Clockwork: A new movement in autonomic systems

by L. W. Russell, S. P. Morgan, and E. G. Chron

Statically tuned computing systems may perform poorly when running time-varying workloads. Current work on autonomic tuning largely involves reactive autonomicity, based on feedback control. This paper identifies a new way of thinking about autonomic tuning, that is, predictive autonomicity, based on feedforward control. A general method, called Clockwork, for constructing predictive autonomic systems is proposed. The method is based on statistical modeling, tracking, and forecasting techniques borrowed from econometrics. Systems employing the method detect and subsequently forecast cyclic variations in load, estimate the impact on future performance, and use these data to self-tune, dynamically, in anticipation of need. The paper describes a prototype network-attached storage system that was built using Clockwork, demonstrating the feasibility of the method, and presents key performance measurements of the prototype, demonstrating the practicality of the methods.

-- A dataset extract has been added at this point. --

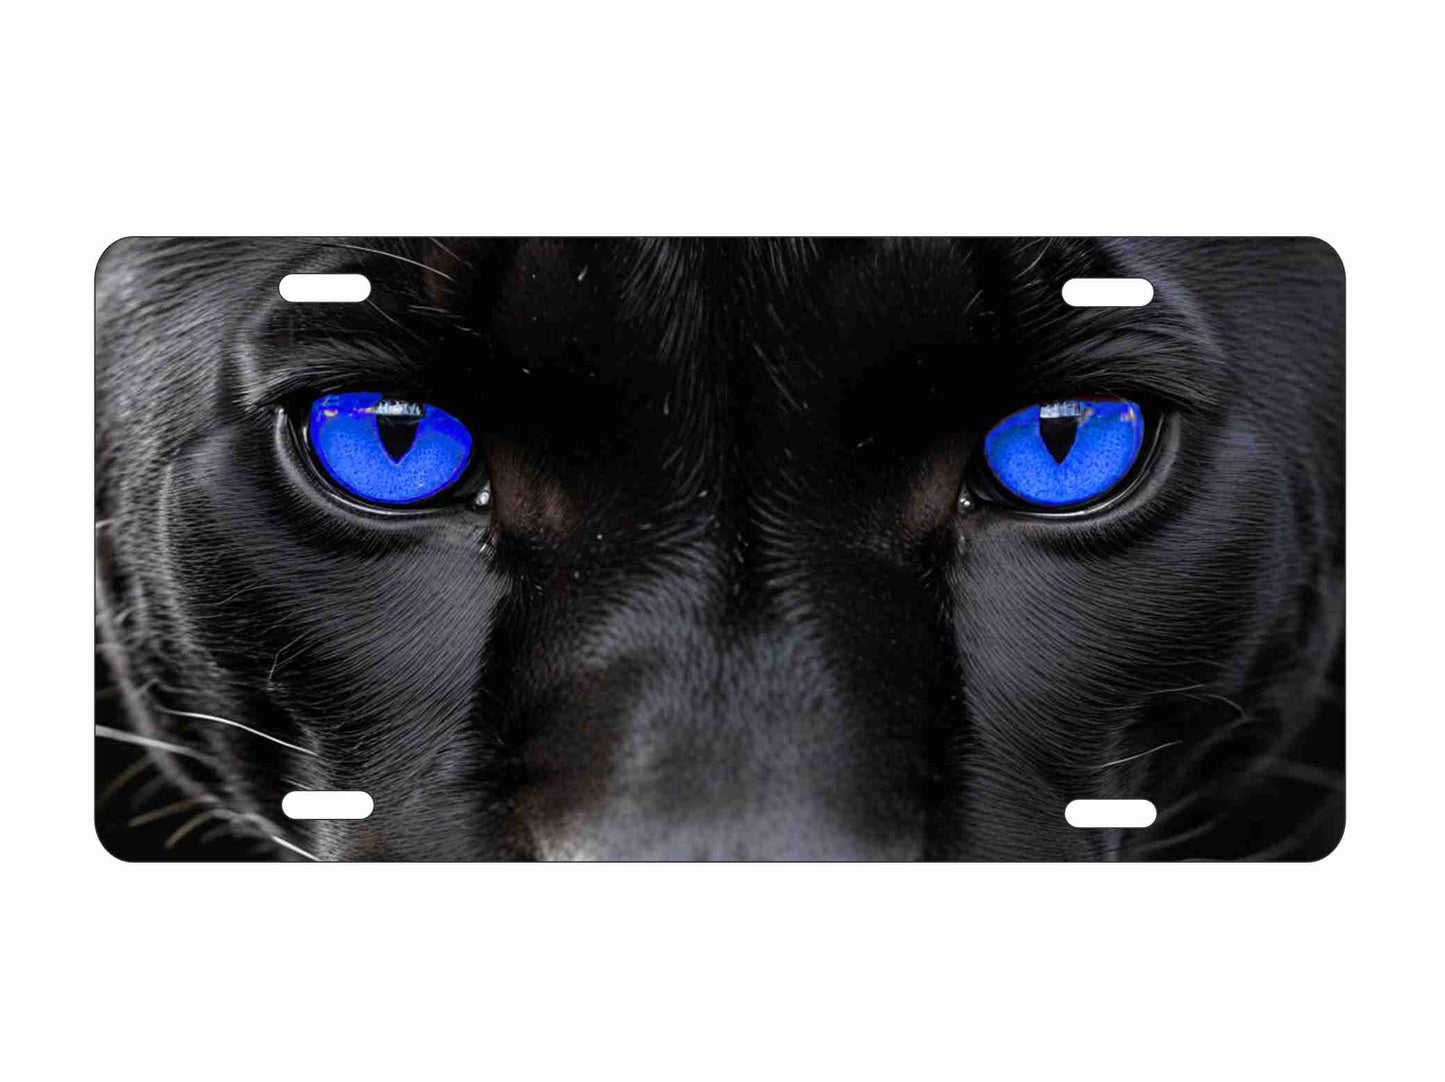 Panther face blue eyes personalized novelty front license plate Decorative custom vanity car tag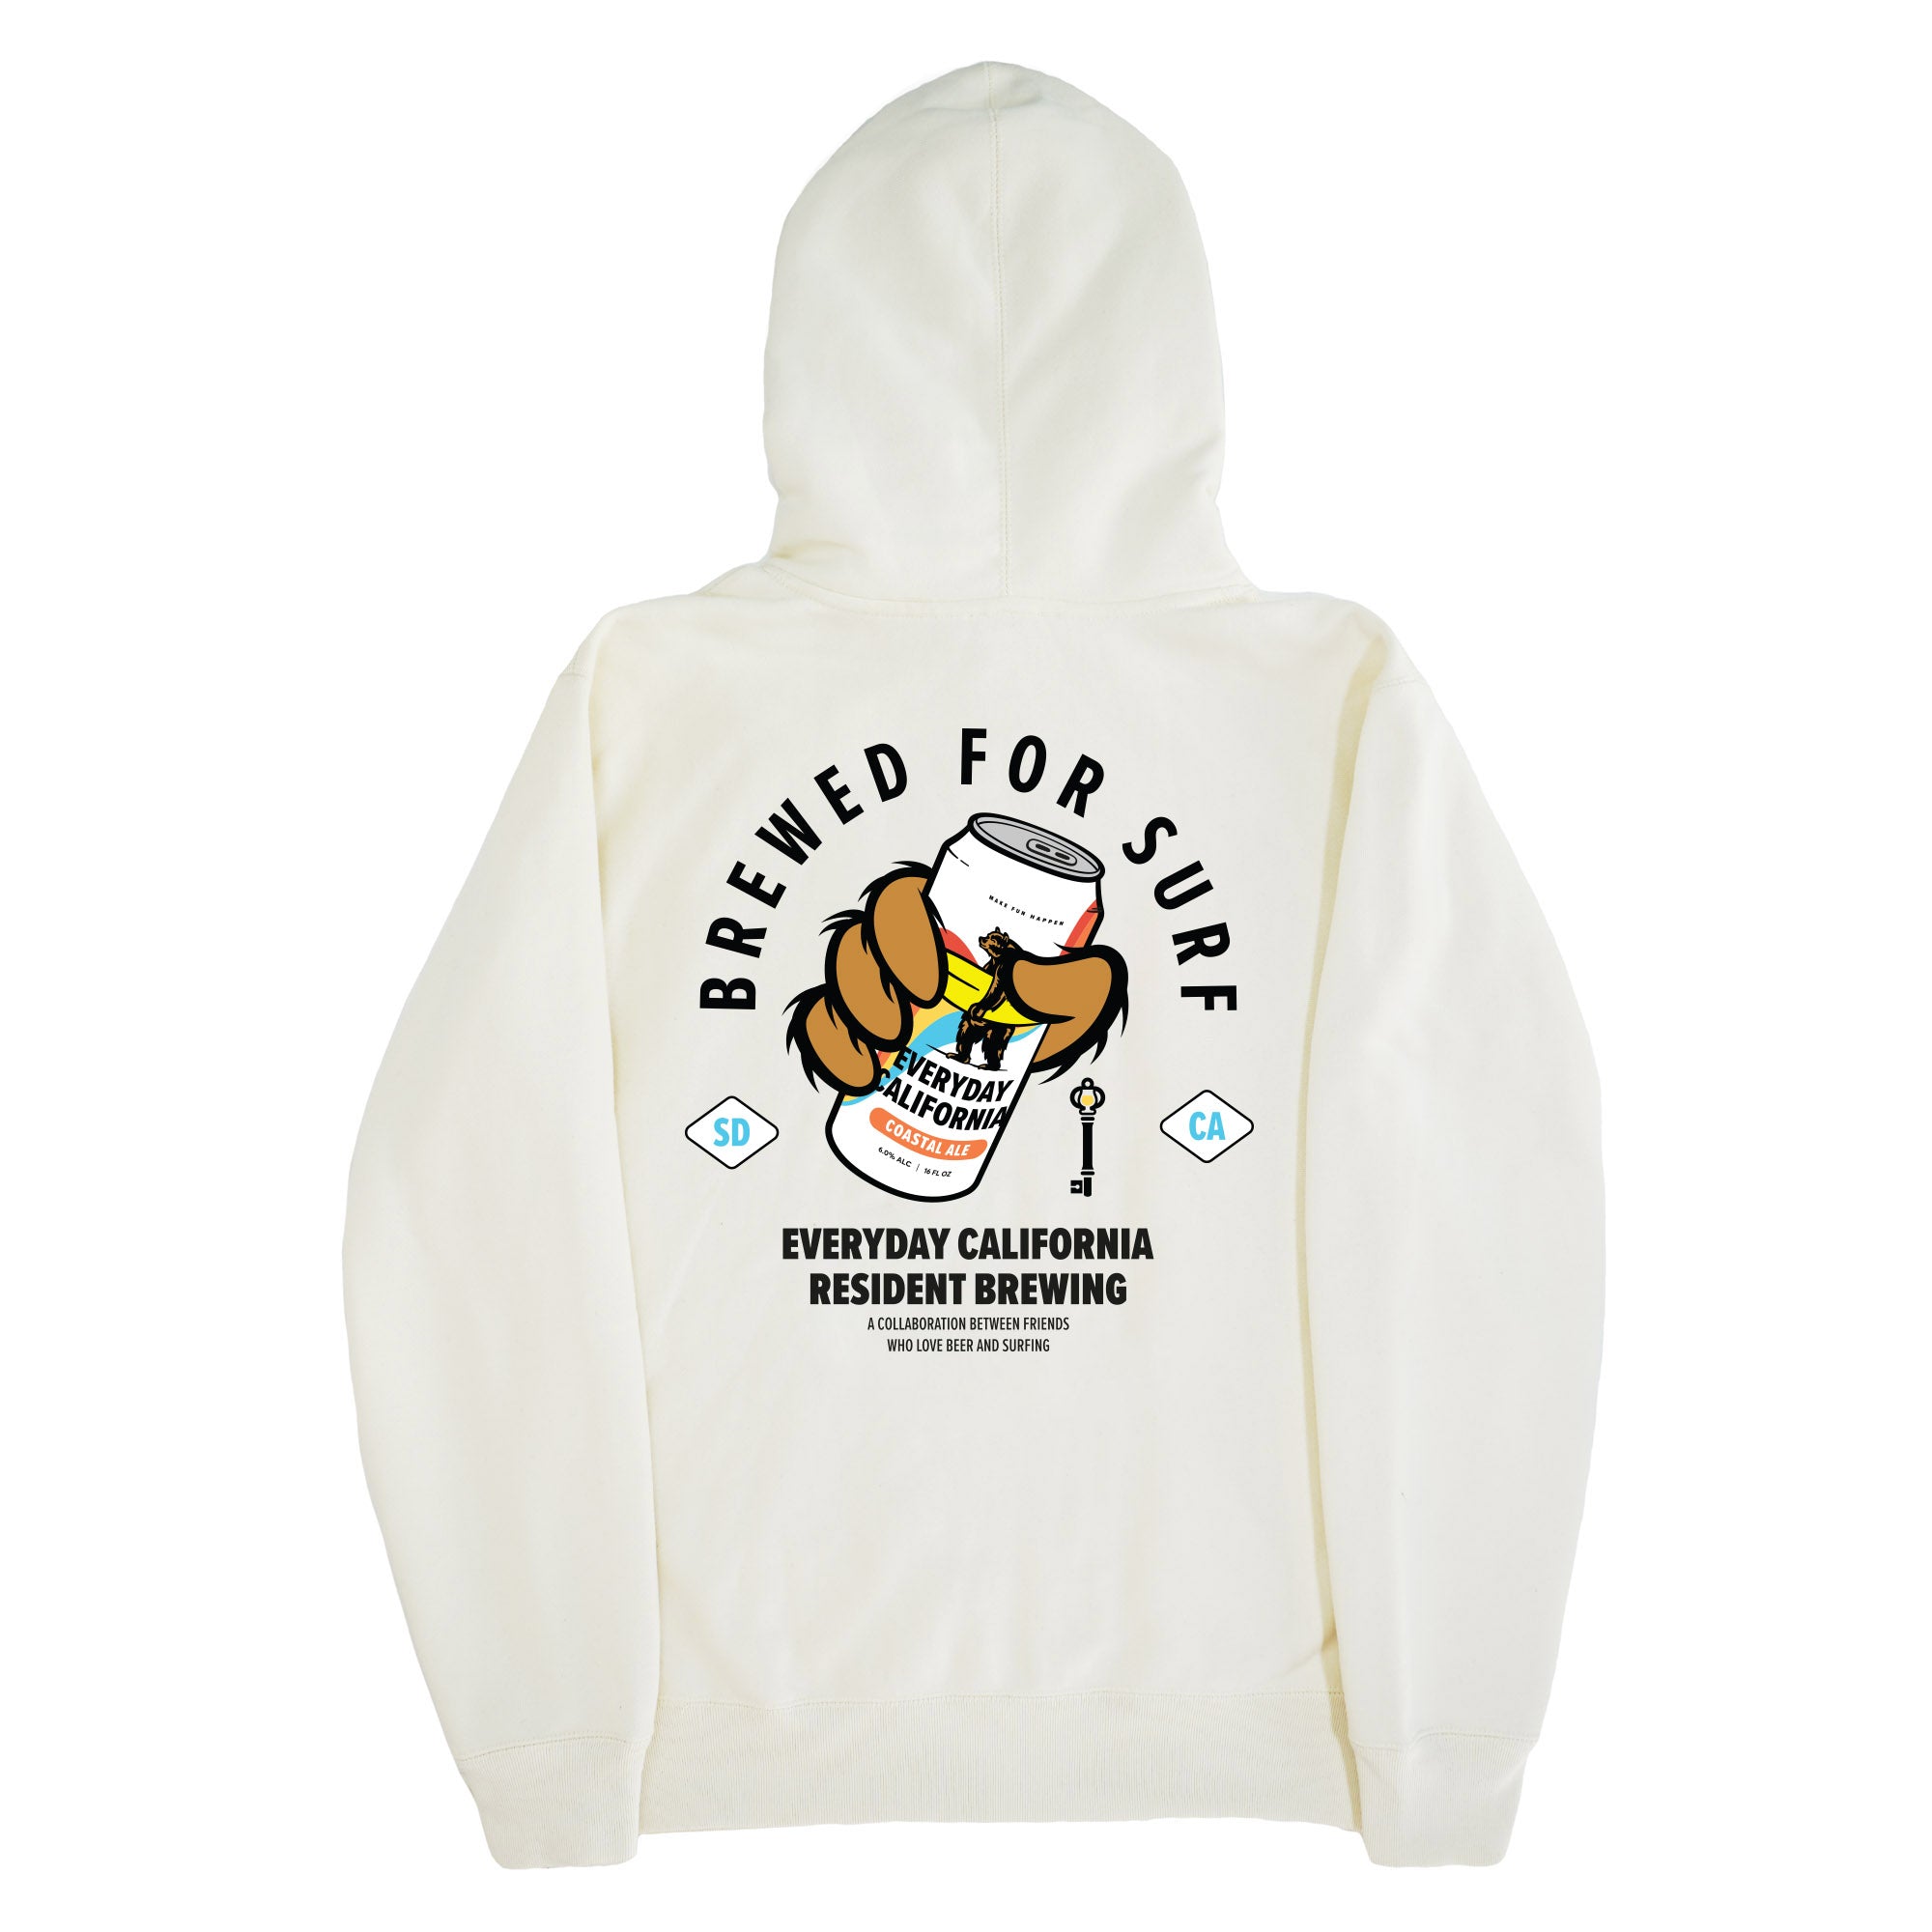 Everyday California Coastal Ale Hoodie in Bone - Collaboration with Resident Brewing for Everyday California Coastal Ale

Large computing systems, especially those running time-varying workloads, are difficult to keep tuned. Dozens of interacting parameters may need to be understood and adjusted. Even if a system is tuned well at one point, because of changing workloads it may end up being poorly tuned at some other point. Badly tuned systems not only perform poorly, they also waste resources and frustrate users.

There is substantial and growing interest in autonomic systems, that is, systems that dynamically self-regulate. A key aspect of self-regulation is self-tuning. Current work on autonomic tuning is only slightly more advanced than static tuning; largely, such work revolves around primitive notions of reactive autonomicity, based on feedback control. Reactive autonomic systems reconfigure on the basis of instantaneous need or, at best, on the basis of short-term historical measurements. As with any techniques involving feedback control, reactive autonomic systems carry with them the well-known problems of potential instability or slow response to change.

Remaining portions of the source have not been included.